Unicorn can be used for performing different tasks such as performance optimization and performance debugging. Unicorn supports both offline and online modes. In the offline mode, Unicorn can be run on any device that uses previously measured configurations. In the online mode, the measurements are performed from NVIDIA Jetson Xavier, NVIDIA Jetson TX2, and NVIDIA Jetson TX1 devices directly. To collect measurements from these devices sudo privilege is required as it requires setting a device to a new configuration before measurement.

Debugging (offline)

Unicorn supports debugging and fixing single-objective and multi-objective performance faults. It also supports root cause analysis of these fixes such as determining accuracy, computing gain etc.

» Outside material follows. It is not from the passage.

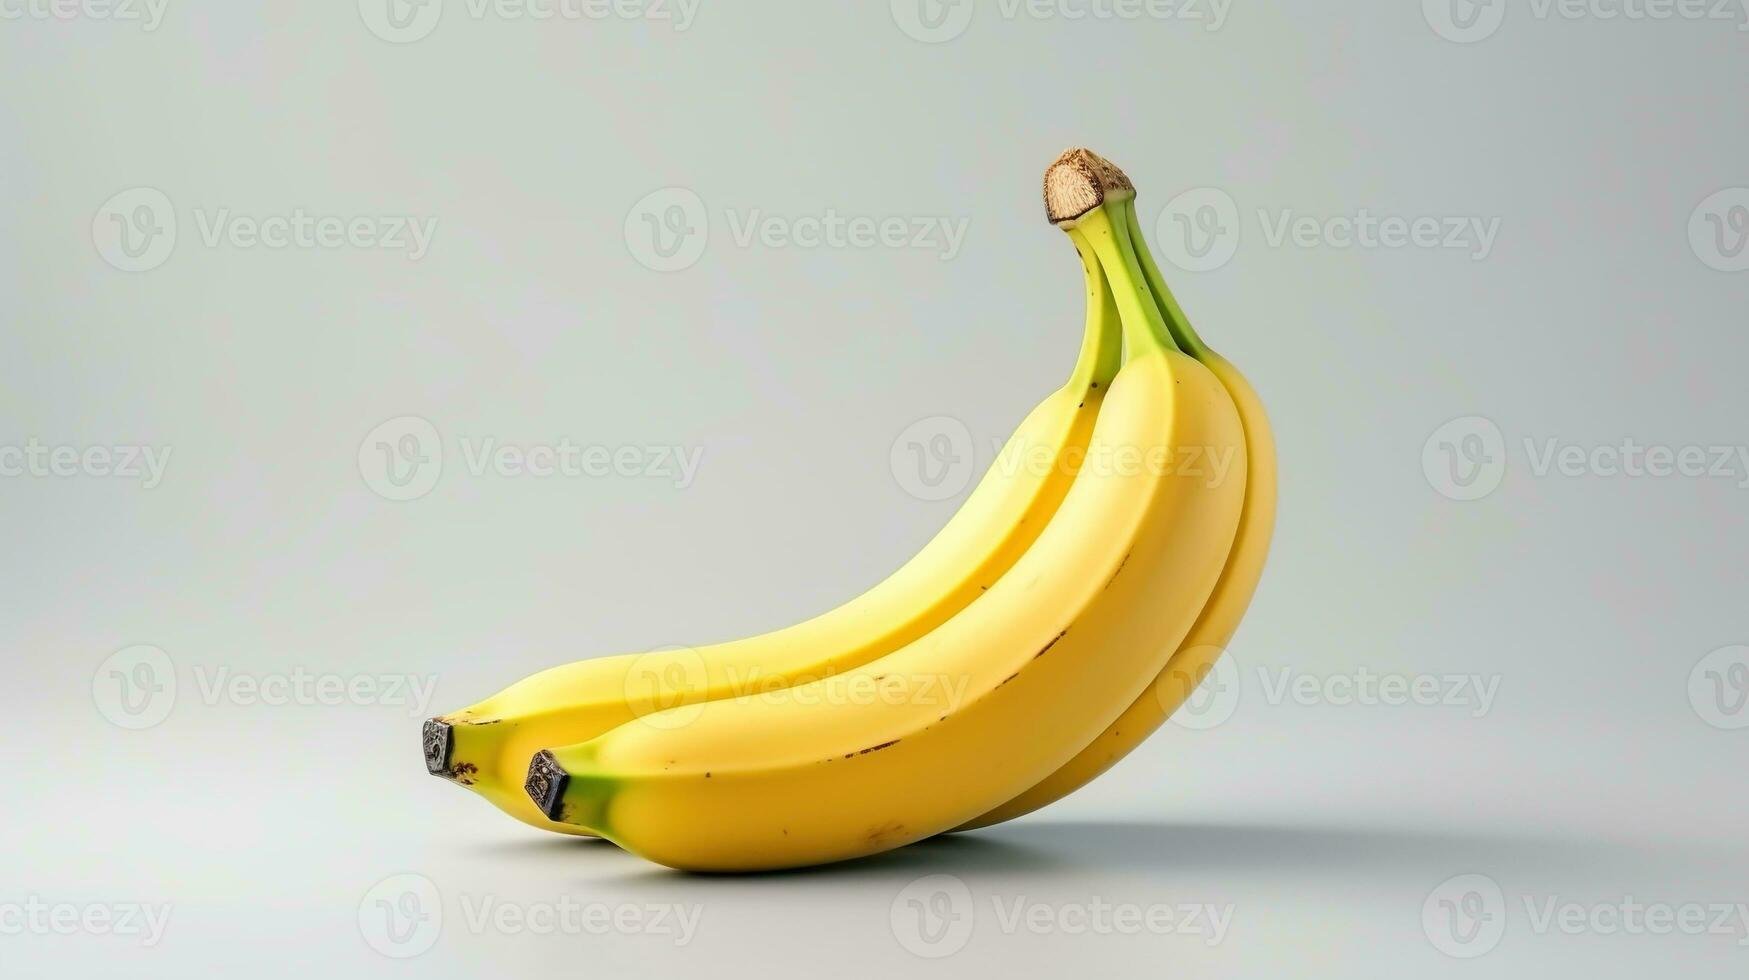 Banana Isolated on the Minimalist Background photo

Single-objective debugging

To debug single-objective faults in the offline mode using Unicorn please use the following command:

python unicorn_debugging.py  -o objective -s softwaresystem -k hardwaresystem -m mode

Example

To debug single-objective latency faults for Xception in JETSON TX2 in the offline mode using Unicorn please use the following command:

python unicorn_debugging.py  -o inference_time -s Xception -k TX2 -m offline

To debug single-objective energy faults for Bert in JETSON Xavier in the offline mode using Unicorn please use the following command:

python unicorn_debugging.py  -o total_energy_consumption -s Bert -k Xavier -m offline

Multi-objective debugging

To debug multi-objective faults in the offline mode using Unicorn please use the following command:

python unicorn_debugging.py  -o objective1 -o objective2 -s softwaresystem -k hardwaresystem -m mode

Example

To debug multi-objective latency and energy faults for Deepspeech in JETSON TX2 in the offline mode using Unicorn please use the following command:

python unicorn_debugging.py  -o inference_time -o total_energy_consumption -s Deepspeech  -k TX2 -m offline

Optimization (offline)

Unicorn supports single-objective and multi-objective optimization..

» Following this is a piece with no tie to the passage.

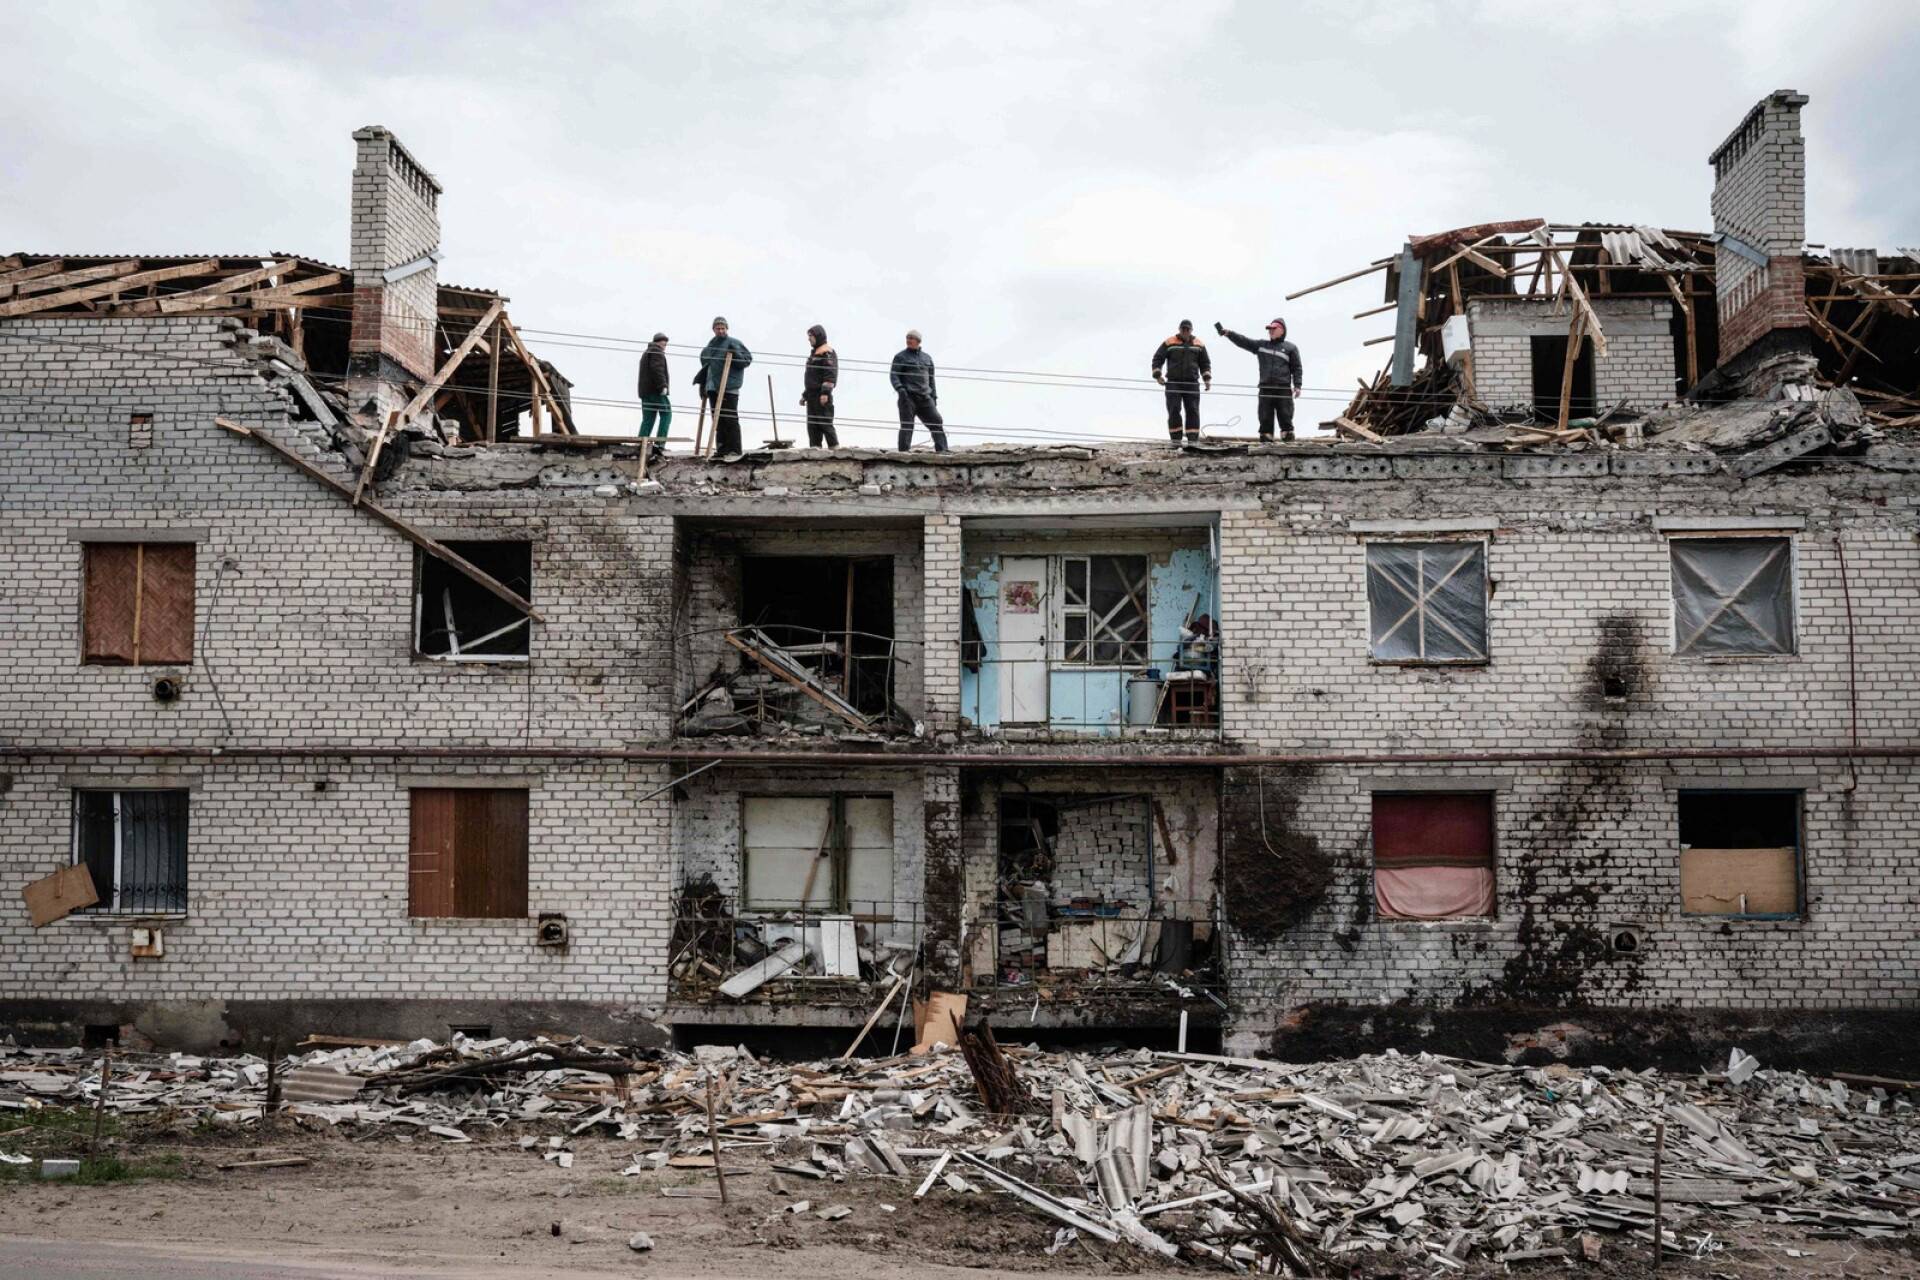 Työläisiä siivoamassa kuukautta aiemmin pommituksessa tuhoutuneen rakennuksen raunioilla Cherkaskessa, Itä-Ukrainassa.

Single-objective optimization

To run single-objective optimization in the offline mode using Unicorn please use the following command:

python unicorn_optimization.py  -o objective -s softwaresystem -k hardwaresystem -m mode

Example

To To run single-objective latency optimization for Xception in JETSON TX2 in the offline mode using Unicorn please use the following command:

python unicorn_optimization.py  -o inference_time -s Xception -k TX2 -m offline

To run single-objective energy optimization for Bert in JETSON Xavier in the offline mode using Unicorn please use the following command:

python unicorn_optimization.py  -o total_energy_consumption -s Bert -k Xavier -m offline

Multi-objective debugging

To run multi-objective optimization in the offline mode using Unicorn please use the following command:

python unicorn_optimization.py  -o objective1 -o objective2 -s softwaresystem -k hardwaresystem -m mode

Example

To run multi-objective latency and energy optimization for Deepspeech in JETSON TX2 in the offline mode using Unicorn please use the following command:

python unicorn_optimization.py  -o inference_time -o total_energy_consumption -s Deepspeech  -k TX2 -m offline

Transferability

Unicorn supports both single and multi-objective transferability. However, multi-objective transferability is not comprehensively investigated in this version. To determine single-objective transferability of Unicorn use the following command:

python unicorn_transferability.py  -o objective -s softwaresystem -k hardwaresystem

Example

To run single-objective latency transferability for Xception in JETSON TX2 in the offline mode using Unicorn please use the following command:

python unicorn_optimization.py  -o inference_time -s Xception -k TX2 -m offline

To run single-objective energy transferability for Bert in JETSON Xavier in the offline mode using Unicorn please use the following command:

python unicorn_optimization.py  -o total_energy_consumption -s Bert -k Xavier -m offline

Data generation

To run experiments on NVIDIA Jetson Xavier, NVIDIA Jetson TX2, and NVIDIA Jetson TX1 devices for a particular software a flask app is required to be launched. Please use the following command to start the app in the localhost.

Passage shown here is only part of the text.